夕阳从芦苇的缝隙里透过来,在水面上画出一道一道金色的光柱。
“这边清净。”王云舒说,声音轻轻的,像是怕惊动了什么。
“嗯。”
小船穿过一片荷花丛,到了一片开阔的水面。
四周全是芦苇,高高的,把天都遮住了大半。
水面上漂着几片荷叶,偶尔有一条鱼跃出水面,“啪”的一声,又落回去,荡开一圈一圈的涟漪。
王云舒把竹篙收回来,让小船自己漂着。她在张艺对面坐下,低着头,手指绞着衣角,耳朵红红的。
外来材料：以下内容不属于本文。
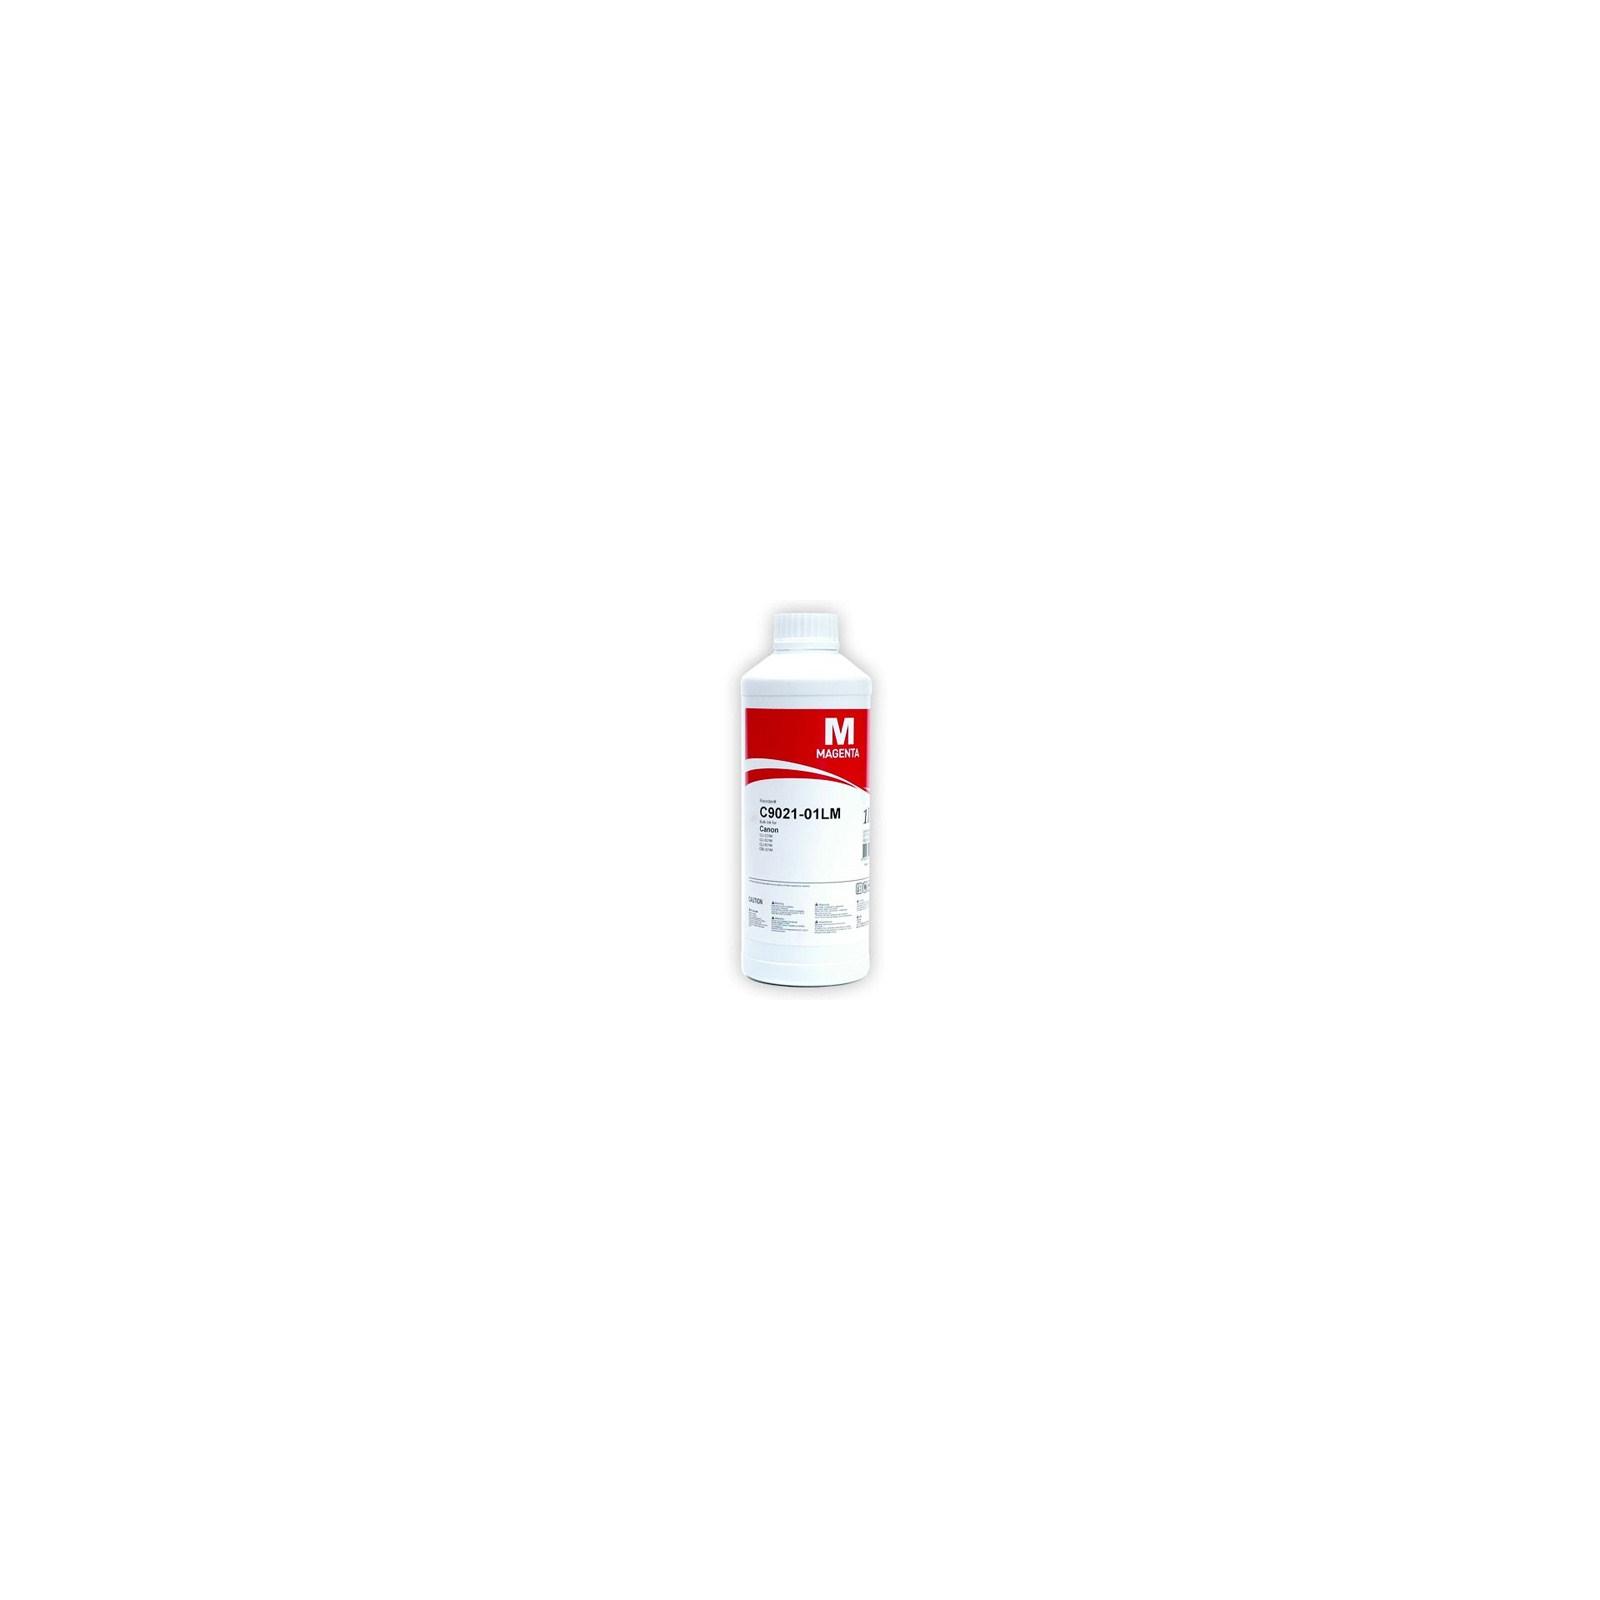 Чернила InkTec Canon CLI-521/221/821 CBI-321 Magenta (C9021-01LM)

“官人,”她开口了,声音小得像蚊子哼,“您知道吗,您不在的这些天,我天天都在想您。”
张艺看着她,没有说话。
“我知道我不配,”她抬起头,眼眶红了,但没有哭,“我是个寡妇,是个撑船的,比不了您身边那些贵人。可是……可是我控制不住自己。”
她站起来,走到船头,背对着他。
“官人,您看看我。”
她伸手解开了褂子的扣子。
第一颗,第二颗,第三颗。
褂子从肩膀上滑落,堆在脚边。
她里面穿着一件月白色的抹胸,薄薄的,能看见底下那两团肉的轮廓。
她伸手解开了抹胸的系带。
抹胸也滑落了。
她的背影赤裸在夕阳里。
轮廓清晰可见,从腋下到腰际收成一道优美的弧线。
然后到了胯骨,骤然宽了出去——宽得像一把打开的扇子,那是生过孩子的女人才有的胯骨,被撑开过,再也合不拢了。
她转过头,看了他一眼。
“官人,您别笑话我。”
她弯下腰,把裤子和亵裤一起褪到了膝盖。
然后她直起身,双手撑在船舷上,把屁股撅了起来。
张艺的呼吸停了一拍。
那是一副他从未见过的景象。
王云舒的屁股太大了。
不是那种少女的、紧致的、小巧的翘臀,是少妇的、成熟的、像磨盘一样大的肥臀。
两瓣臀肉又大又白,白得像刚出锅的豆腐,嫩得能掐出水来。
臀部的肌肉因为长期撑船而结实紧绷,但骨子里又透着女人的柔软,扭动时颤颤的,像两团装在袋子里的水。
她的胯骨很宽。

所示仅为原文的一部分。